I don’t know if anybody out there gets the cable network TVLand (a spinoff of Nick at Night). I suspect that I am one of about six people who do get it.
Well, if you’re one of the lucky six, this weekend they’re having an Addams Family marathon. That show is SO cool.
As a boy I loved it, though I could seldom catch it in syndication. I infinitely preferred it to The Munsters, which struck me as a gaudy, less creative knockoff of The Addams Family. In the years since, I’ve decided that I *do* like The Munsters, but The Addams Family still has a kind of sophistication and subtlety that the Munsters didn’t.
The Munsters were all established types of monsters: Hermann was a Frankenstein monster, Lily and Granpa were vampires, and Eddie was a werewolf. Then there was Cousin Marilyn, the drop-dead gorgeous ugly duckling of the family.
The Addamses, by contrast, defy categorization. Morticia is vaguely Vampira-like, but she isn’t a vampire. Lurch is vaguely Frankenstein monster-ish, but he isn’t a Frankenstein monster. Gomez and the children aren’t monstrous in appearance at all, and Uncle Fester, Cousin Itt, and Thing defy classification. The only Addams that approximates an established stereotype is Grandmama, who is a hag.

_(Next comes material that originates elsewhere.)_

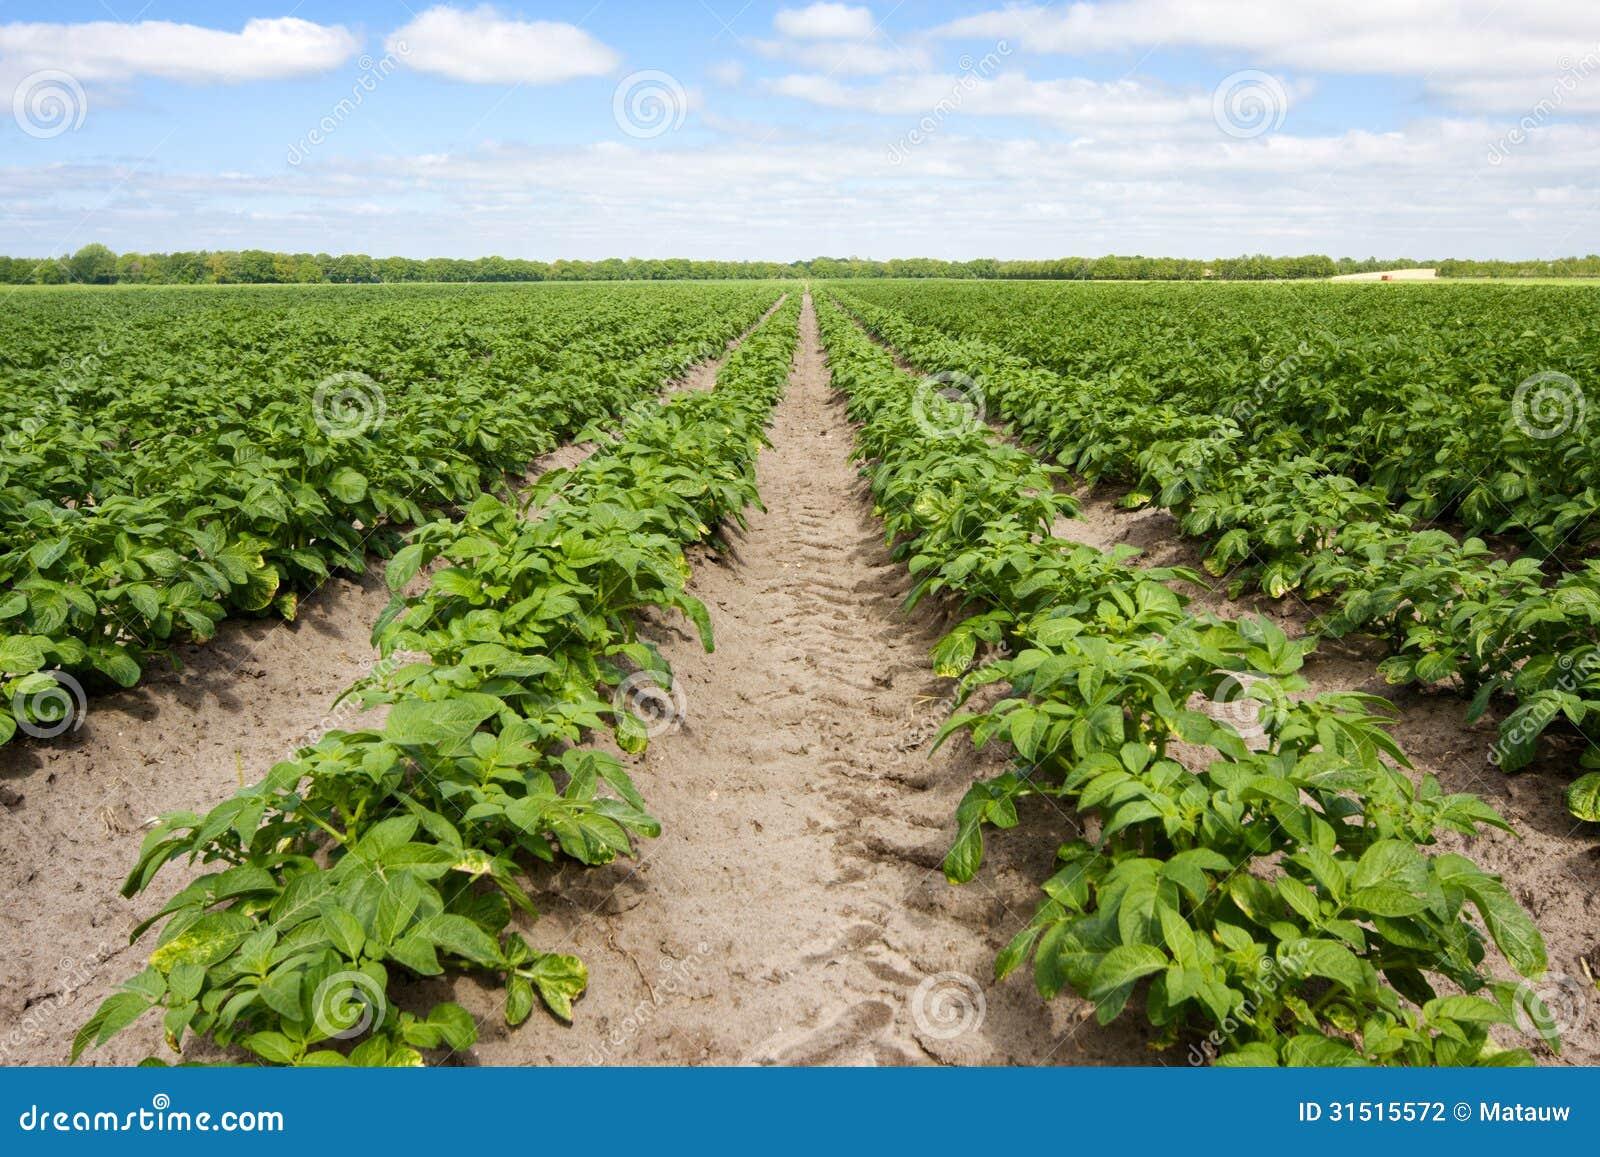 Potato field stock photo. Image of vegetable, industrial ...

The humor on The Addams Family also is more subtle than that on The Munsters. The writers didn’t go for as many predictable jokes. Thus, for example, in one episode this weekend Morticia offered a visitor to the house a dish of brazed giraffe whereas Lily Munster might have offered a wolfsbane casserole or something. Brazed giraffe is odd and exotic without being predictable and invoking a cliche.
That seems to be the main difference between the two oddball families (both of whom got their serieses in the same year: 1964). The Munsters are a fun romp through established monster motifs (mostly derivative of the 1930s and ’40s Universal monster movies), while The Addams Family is a quirky, understated, never-quite-predictable look at a family from The Twilight Zone.
One thing both shows have going for them is wicked cool main title sequences. The Munsters’ theme has those hard-driving (for 1964) electric guitars and saxophones, while The Addams Family has the lively harpsichord and finger snapping.
Both families also are functional, despite their oddballness. The family members care about each other, the mother and father in each are in love, and everbody has a kind of quirky zest for life. Gomez Addams (played by John Astin, father of Sean Astin or “Samwise Gamgee” from The Lord of the Rings movies) in particular seems to be thoroughly enjoying life with a passion that sometimes borders on mania.
When I was a boy, one of my favorite aunts (who reminds me of a non-spooky, Texas-accented version of Morticia, if that makes any sense) once compared my sense of humor to that of Charles Addams, the cartoonist on whose work the series is based. Maybe that’s why I like the show so much.
Now if they’d just put it out on DVD. It only ran two seasons, so it wouldn’t take much work to put the whole thing out. Just two, one-season volumes. Since TVLand has started releasing DVD sets of the shows it broadcasts, maybe it’ll put this one out. If so, I’ll get my copies pronto!